» WHAT TO PRODUCE
Return each line below exactly as it reads, and omit any image in it.

» DATASET CONTENT
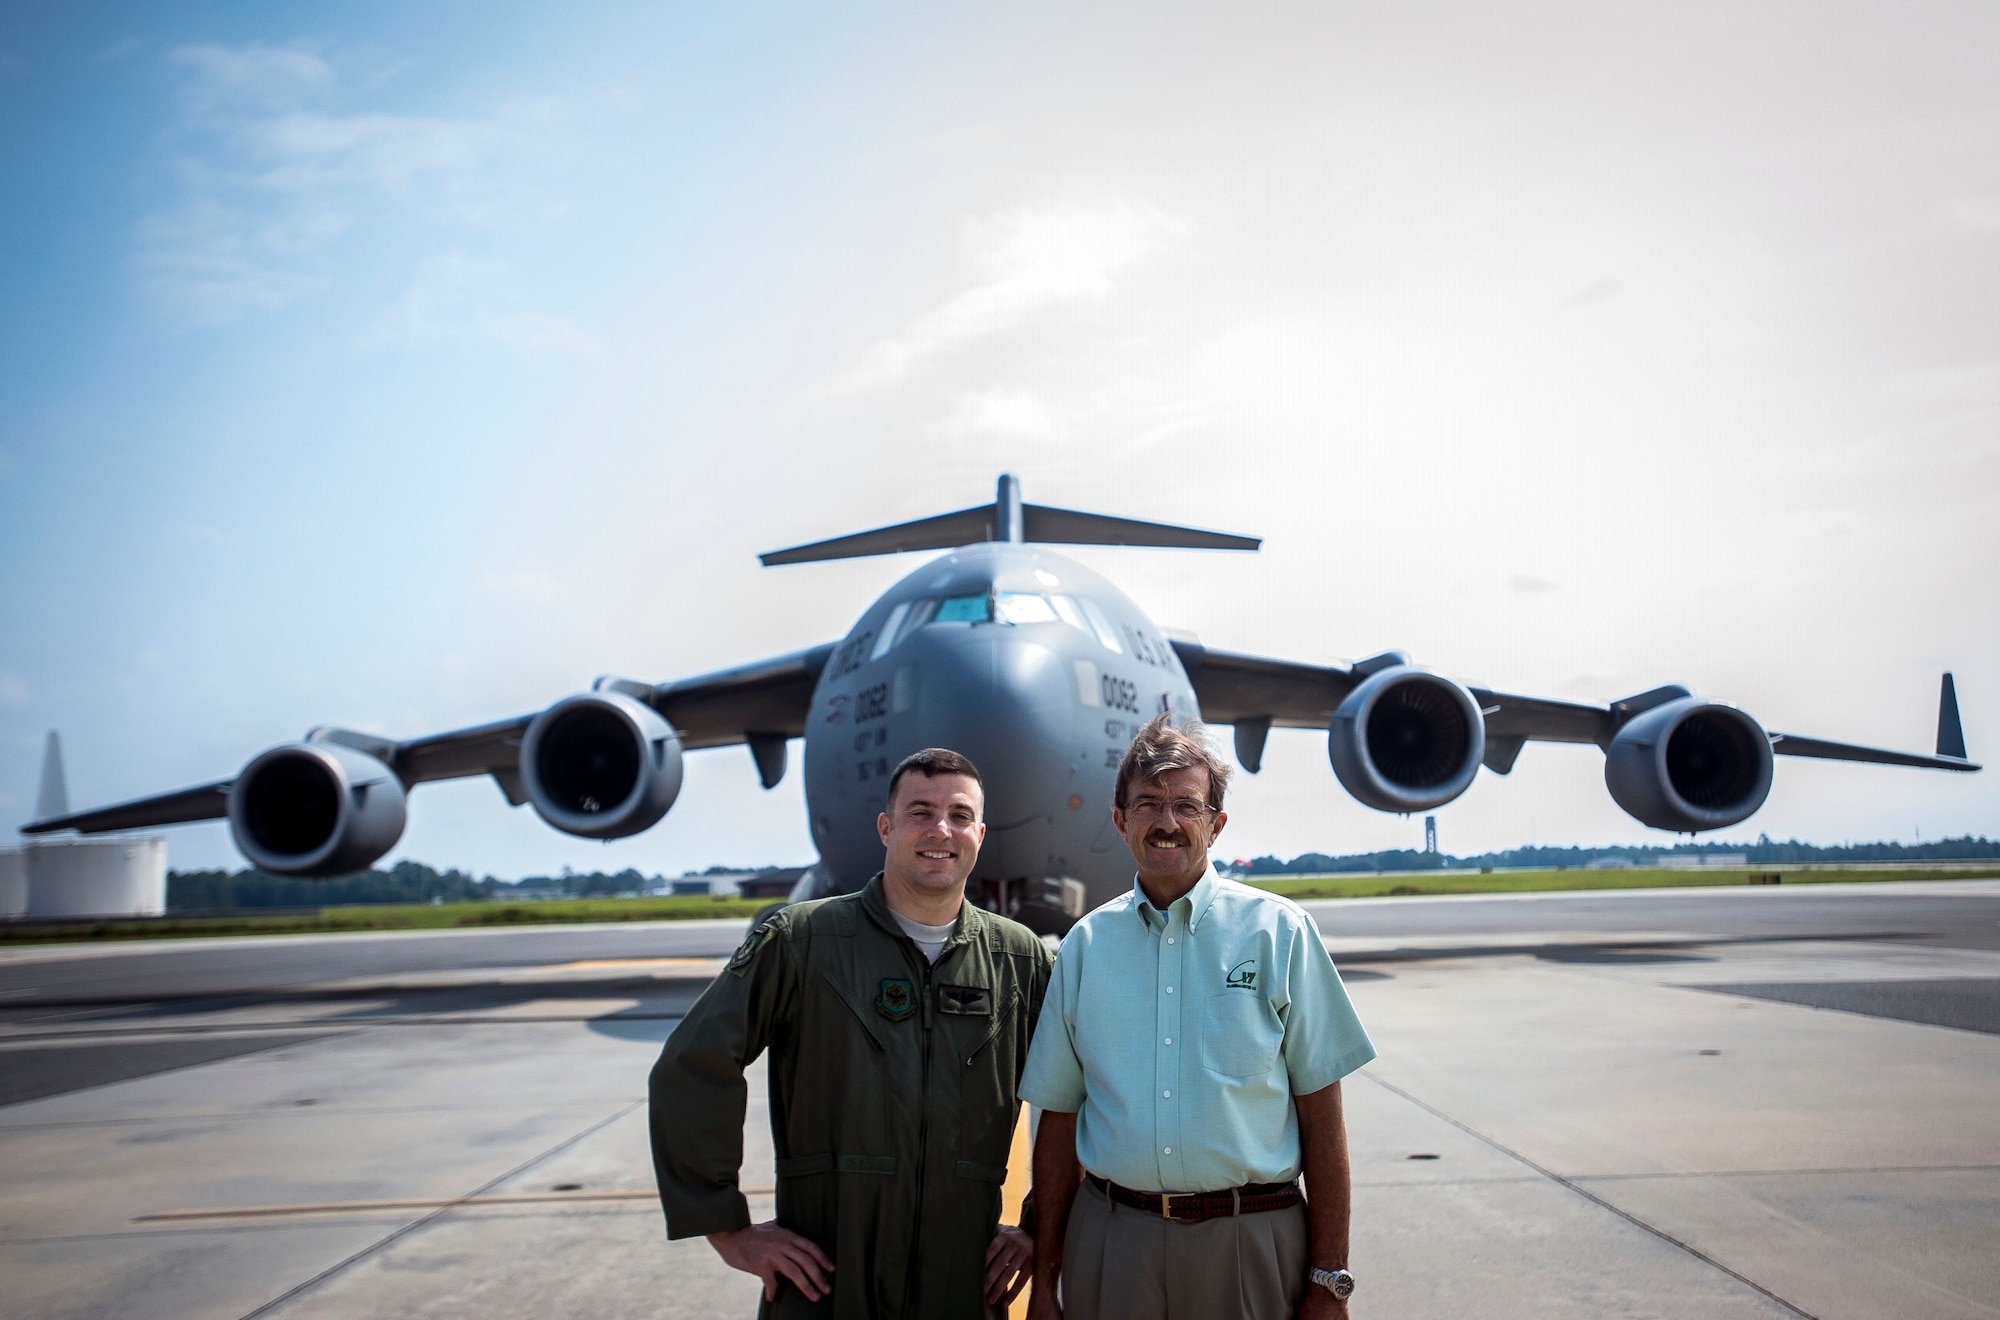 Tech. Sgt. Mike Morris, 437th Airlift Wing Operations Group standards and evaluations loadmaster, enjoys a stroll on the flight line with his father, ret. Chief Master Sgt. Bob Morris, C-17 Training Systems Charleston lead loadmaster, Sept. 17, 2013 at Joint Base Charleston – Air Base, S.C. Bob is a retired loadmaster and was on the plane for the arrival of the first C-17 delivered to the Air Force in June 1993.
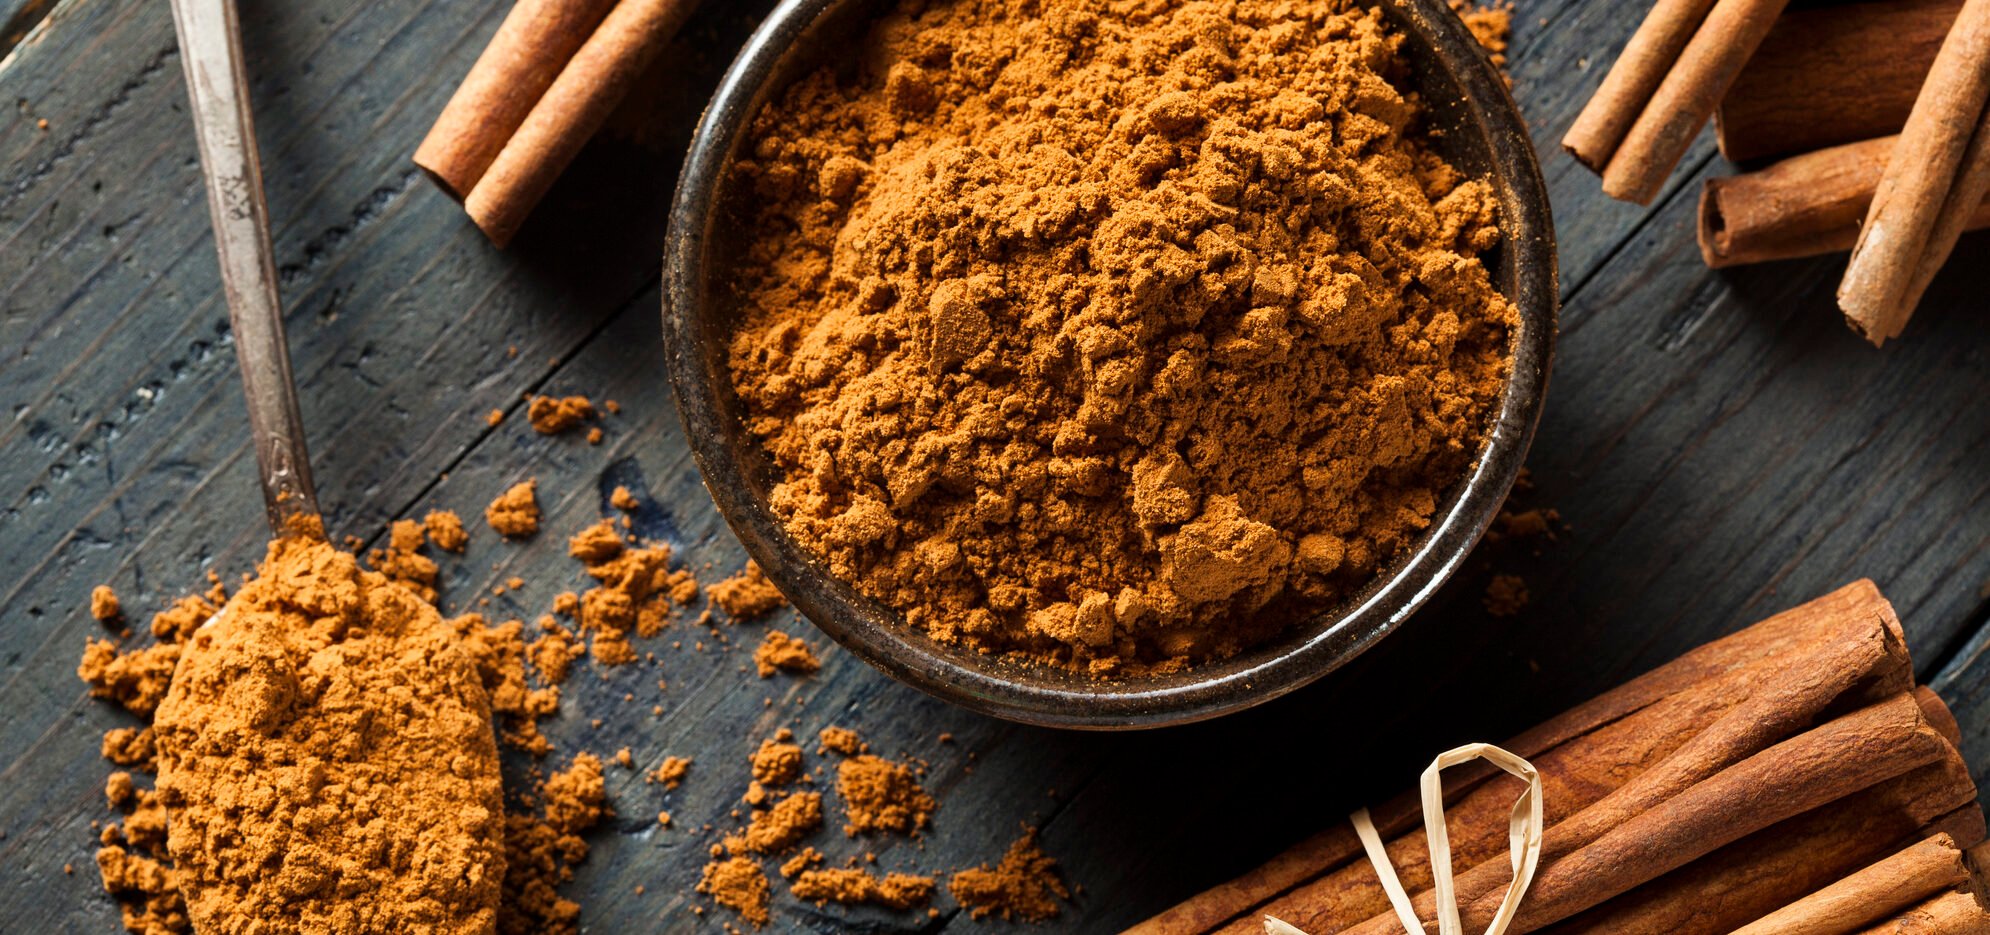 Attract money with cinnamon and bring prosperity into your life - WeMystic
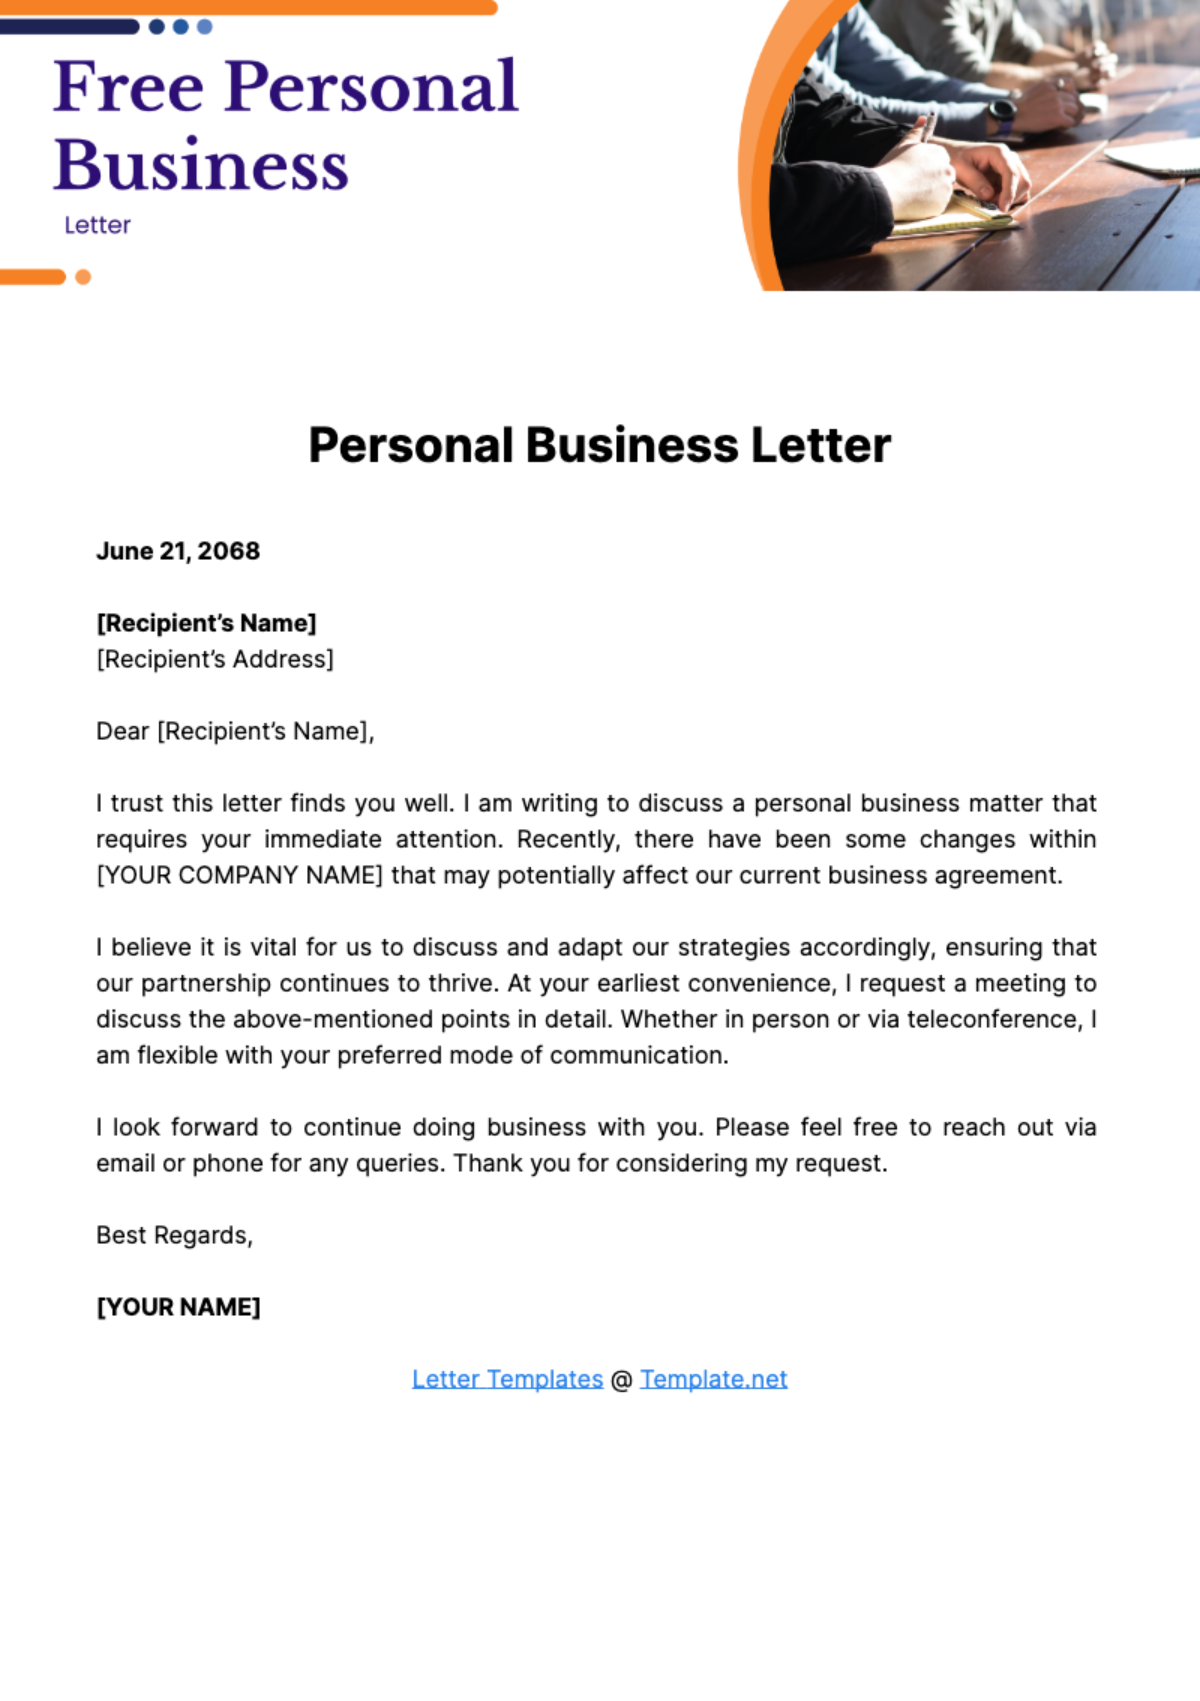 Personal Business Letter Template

» TASK OUTPUT
 Tech. Sgt. Mike Morris, 437th Airlift Wing Operations Group standards and evaluations loadmaster, enjoys a stroll on the flight line with his father, ret. Chief Master Sgt. Bob Morris, C-17 Training Systems Charleston lead loadmaster, Sept. 17, 2013 at Joint Base Charleston – Air Base, S.C. Bob is a retired loadmaster and was on the plane for the arrival of the first C-17 delivered to the Air Force in June 1993.
 Attract money with cinnamon and bring prosperity into your life - WeMystic
 Personal Business Letter Template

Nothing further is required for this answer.